Kokugakuin University
- Type: Private
- Established: 1882
- President: Masayuki Harimono
- Academic staff: 649
- Undergraduates: 2702
- Postgraduates: 108
- Other students: 27 (Shinto studies students)
- Location: Shibuya, Tokyo, Japan
- Campus: Urban;
- Website: https://www.kokugakuin.ac.jp/

= Kokugakuin University =

Private university in Shibuya, Tokyo, Japan

Kokugakuin University , abbreviated as Kokugakudai (國學大) or Kokudai (國大), is a Shinto-affiliated private research university in Shibuya, Tokyo, Japan. The university consists of undergraduate departments in humanities and social sciences and a graduate school, and specializes in Japanese literature, history, and Shinto Studies.

The predecessor institution was founded in 1882 as an institution of classical and religious learning. Prince Arisugawa Takahito served as the institution's inaugural head.

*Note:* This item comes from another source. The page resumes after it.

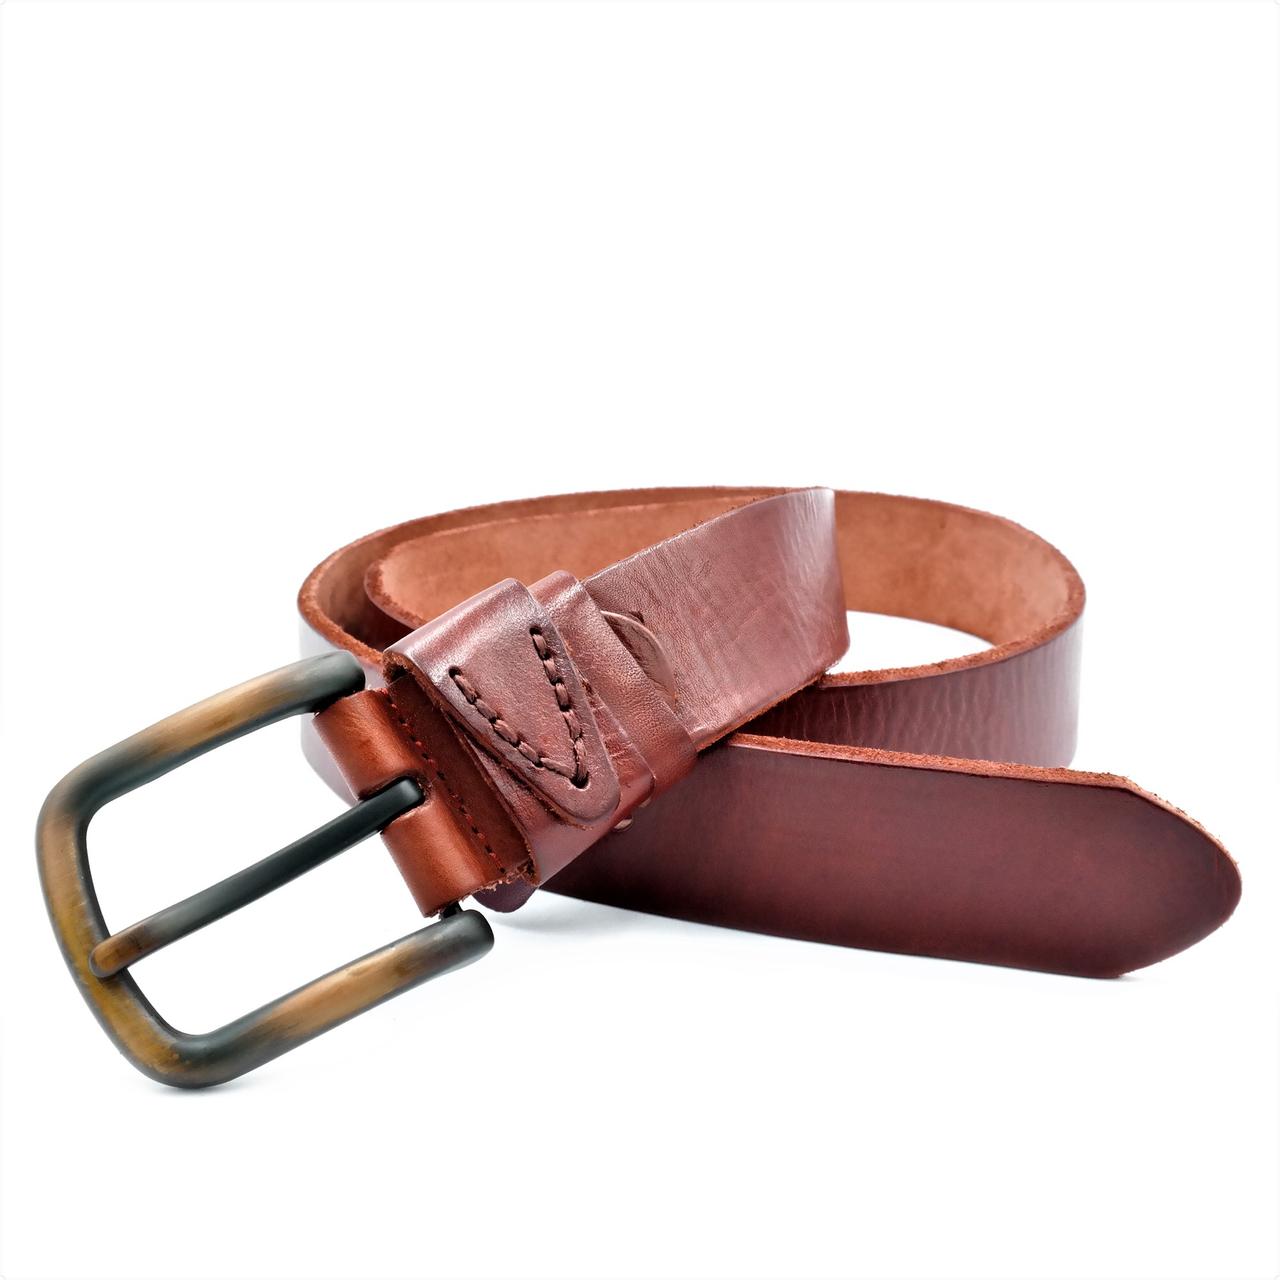 Мужской кожаный ремень Le-Mon 110-125 см Коричневый (new-m-40k-004)
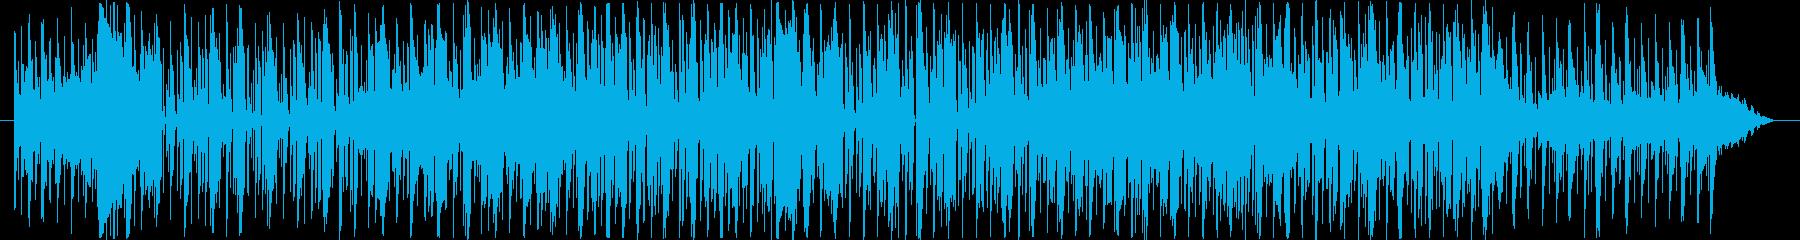 レトロな感じを目指しました。レトロだけ…の再生済みの波形

In Japanese, the university uses kyūjitai characters to stylize its name. In government-published materials and several unaffiliated private publications, shinjitai characters are used instead to write as "国学院大学".

==History==
The university's predecessor was the Koten Kokyusho, established in 1882 as an institution for the study and dissemination of Japanese classics and training of Shinto priesthood, based on the State Shinto. In 1890 it was expanded into the Kokugakuin (國學院) that offered courses in literature, history, and Japanese law. It acquired the status of university in 1906. In 1918, it expanded with the addition of preparatory, teacher-training, and research divisions, and in 1927, an affiliated Shinto division was added.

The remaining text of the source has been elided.